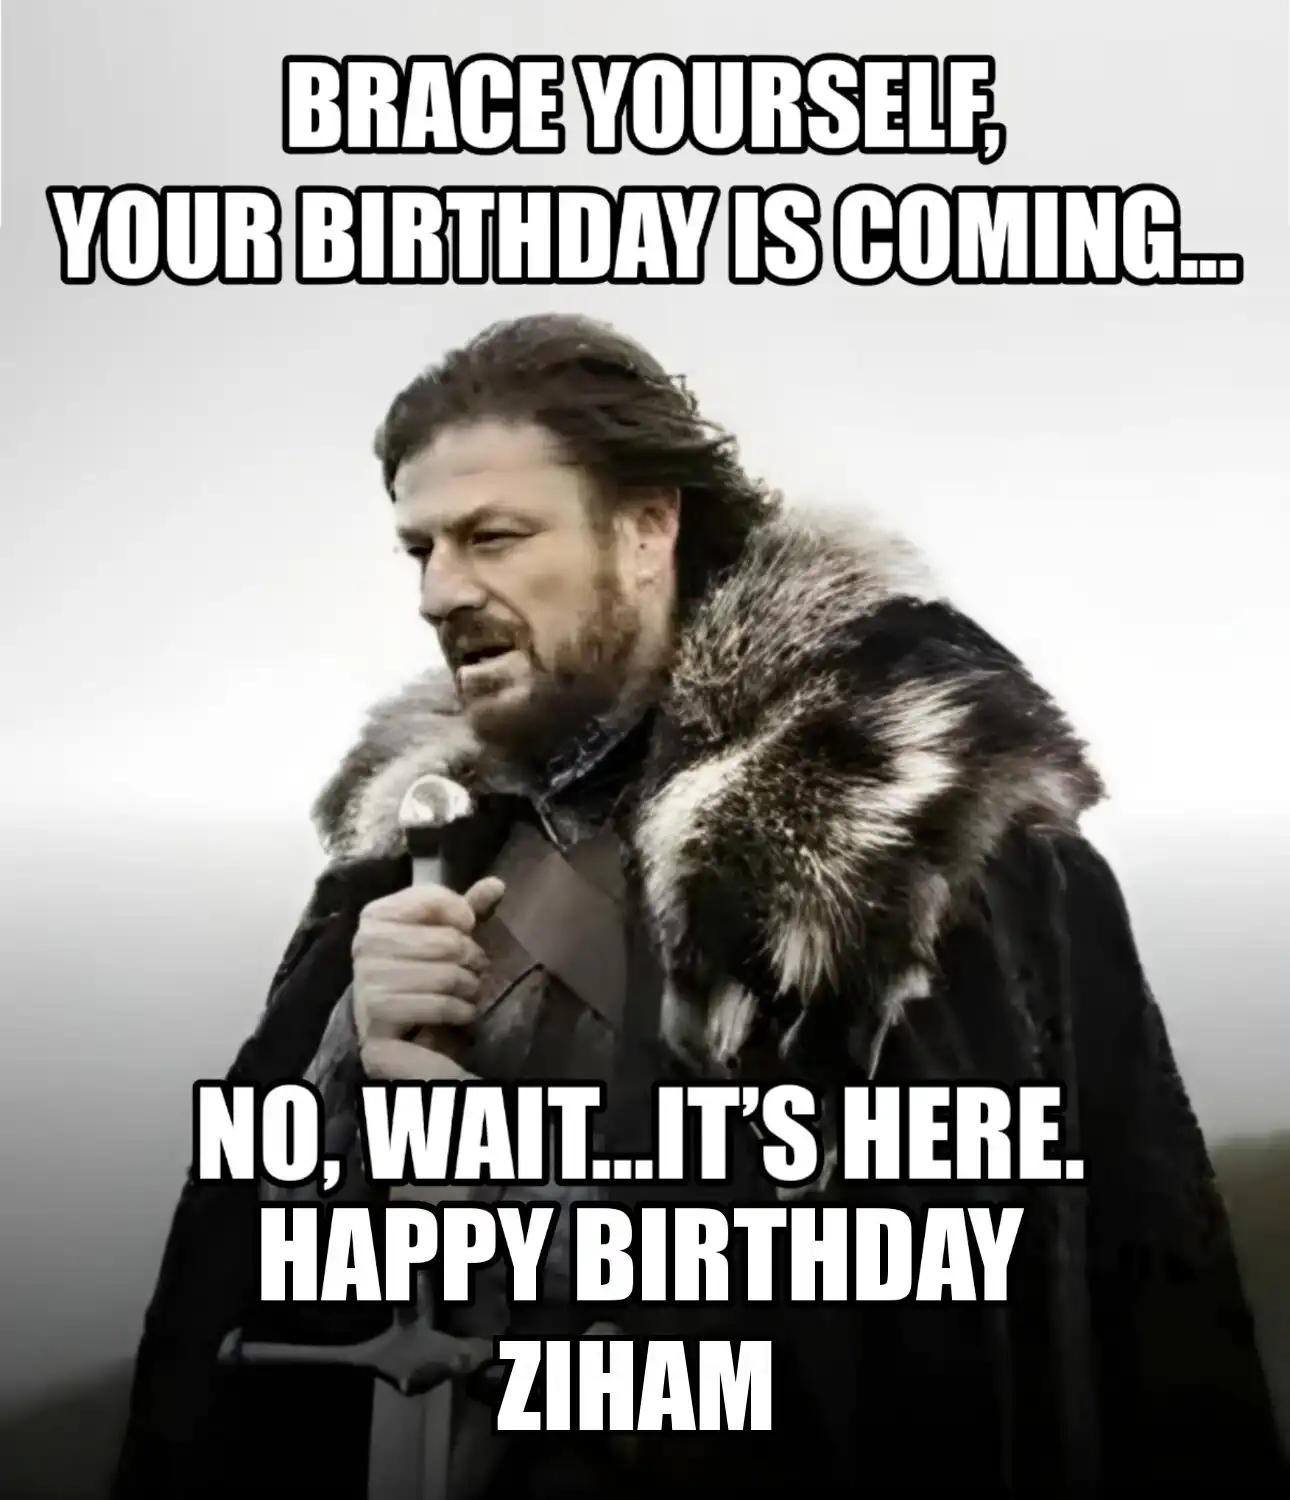 Happy Birthday Ziham Brace Yourself Your Birthday Is Coming Meme
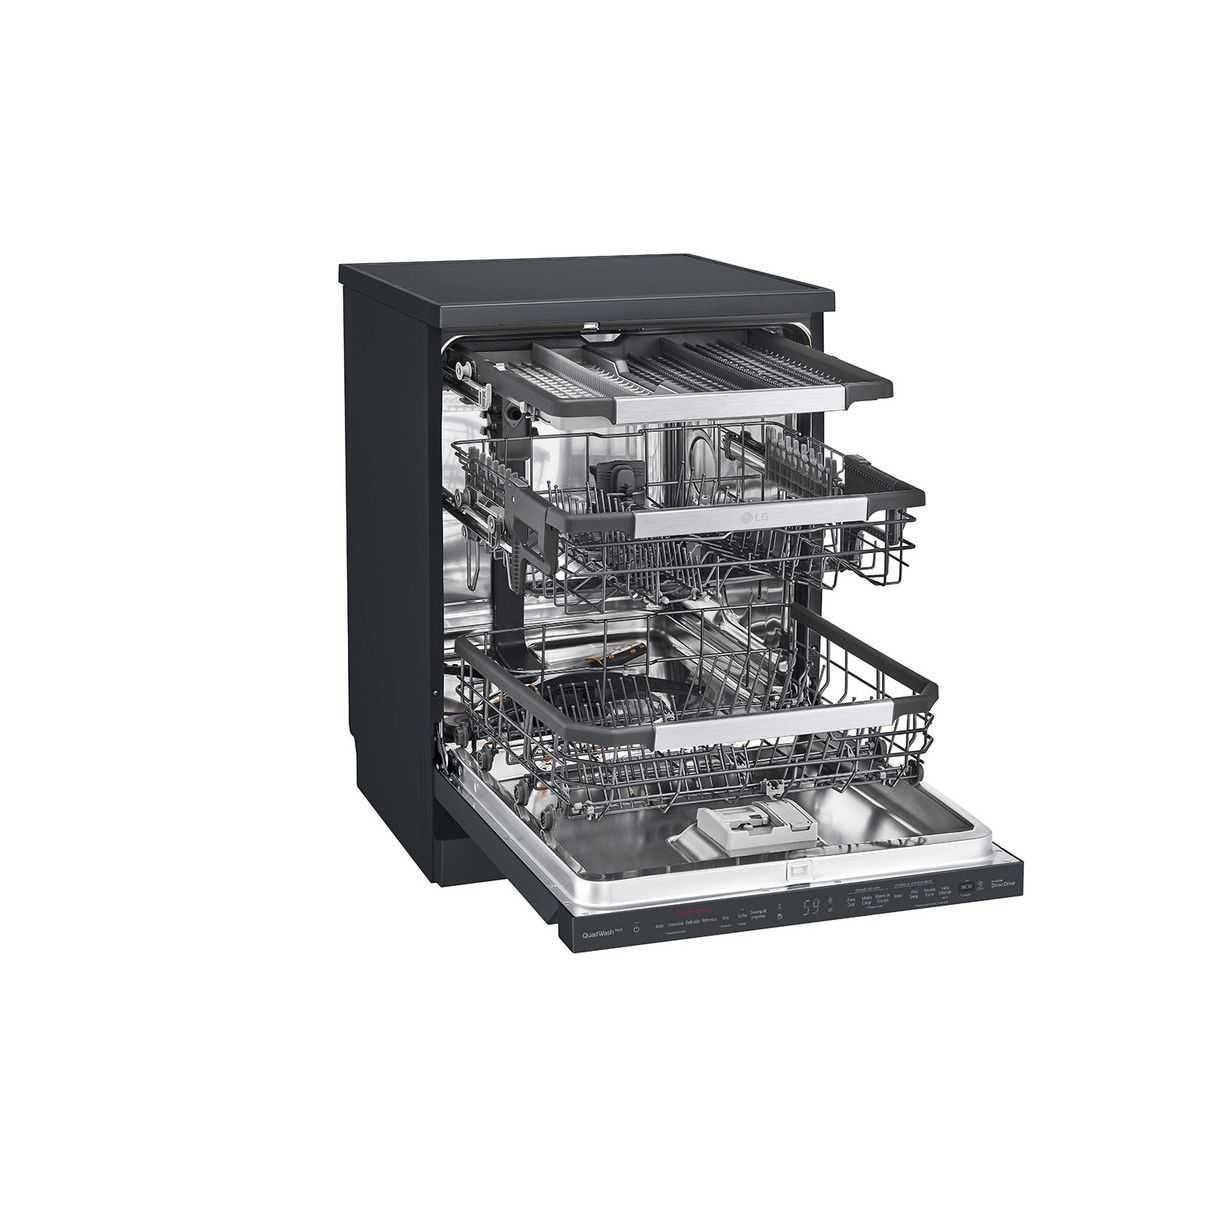 LG Digital Dishwasher With Inverter Technology, 14 Place Settings, 10 Programs, Black - DFC335HM
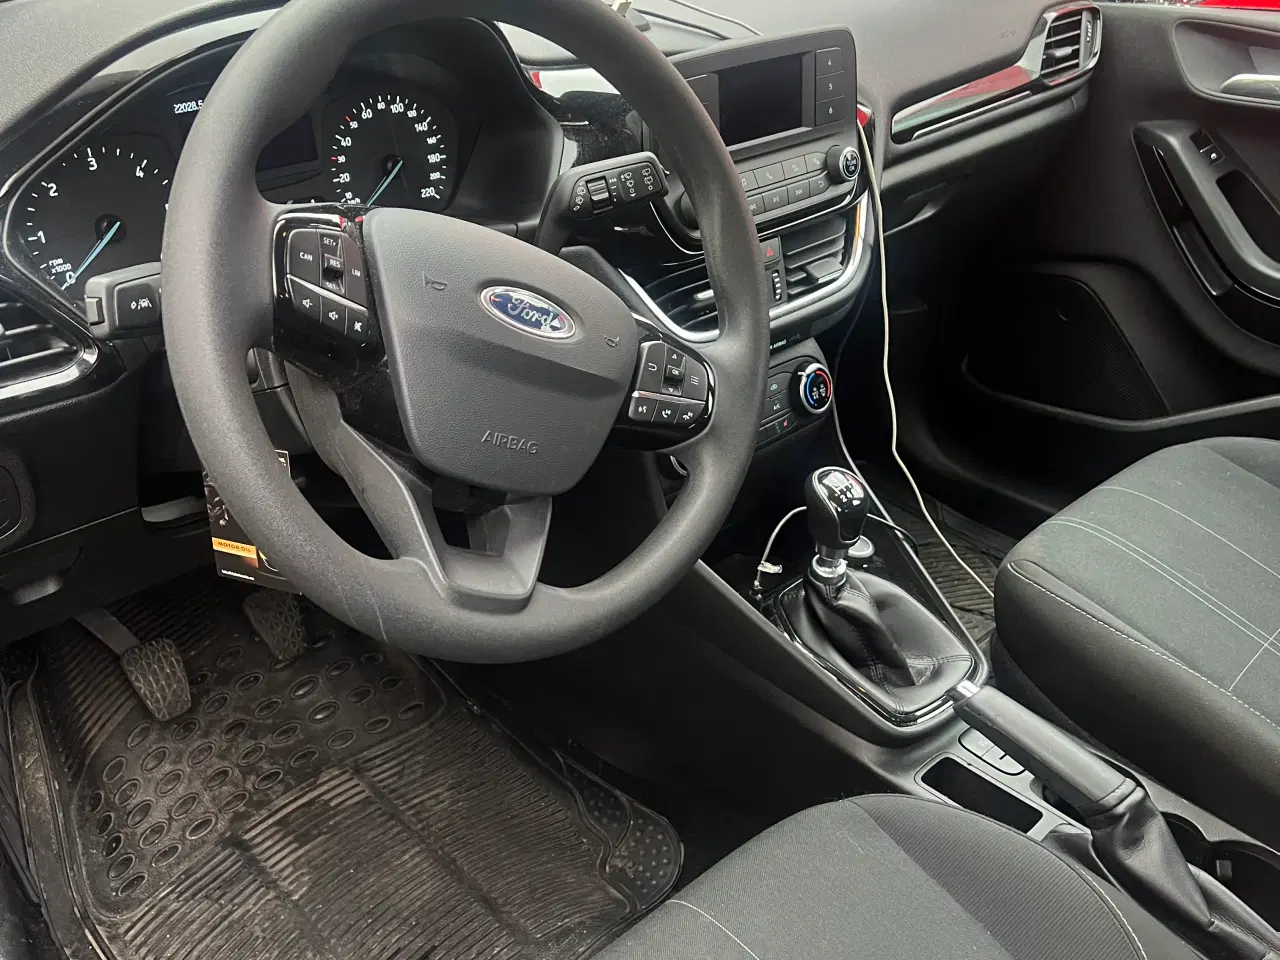 Billede 4 - Nyer Ford Fiesta 2018 kun 30.000 km
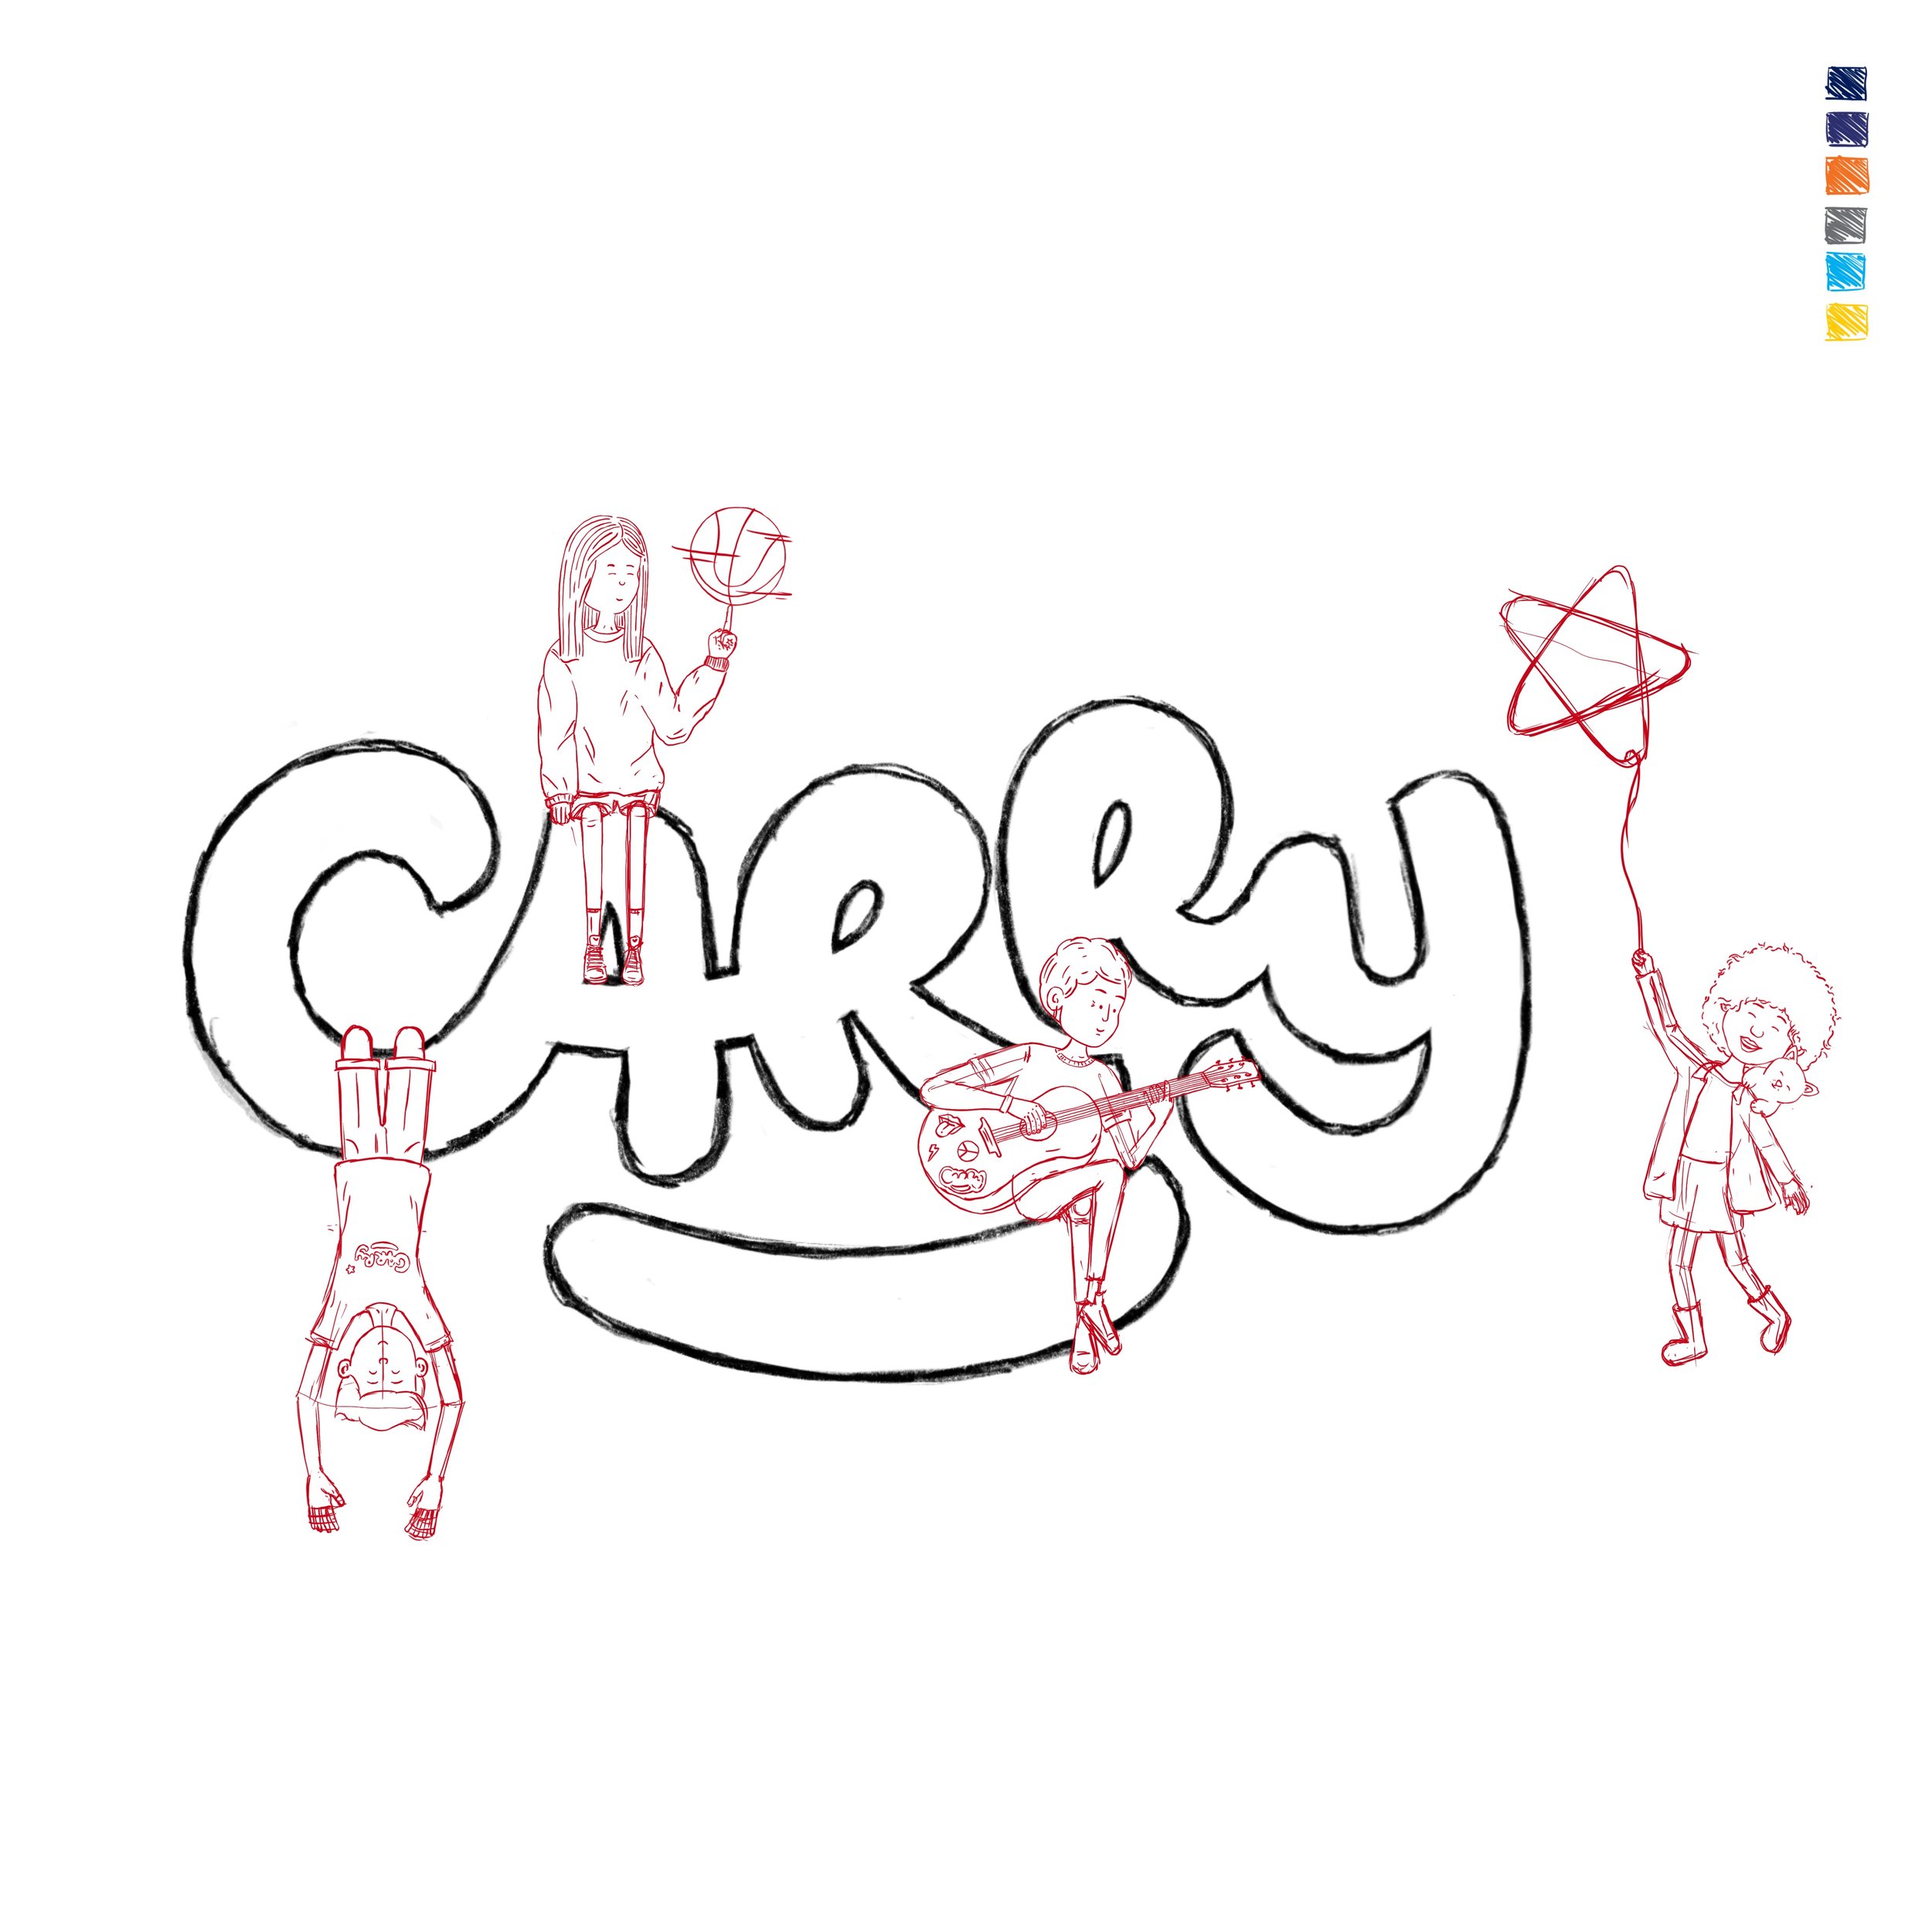 Carry.jpg

**Exercise directions**
Starting at the line that contains "LG Digital Dishwasher", output every line through the end of the data, both ends included, and nothing else; pictures stay out.

**Output for this exercise**
 LG Digital Dishwasher With Inverter Technology, 14 Place Settings, 10 Programs, Black - DFC335HM
 Billede 4 - Nyer Ford Fiesta 2018 kun 30.000 km
 Carry.jpg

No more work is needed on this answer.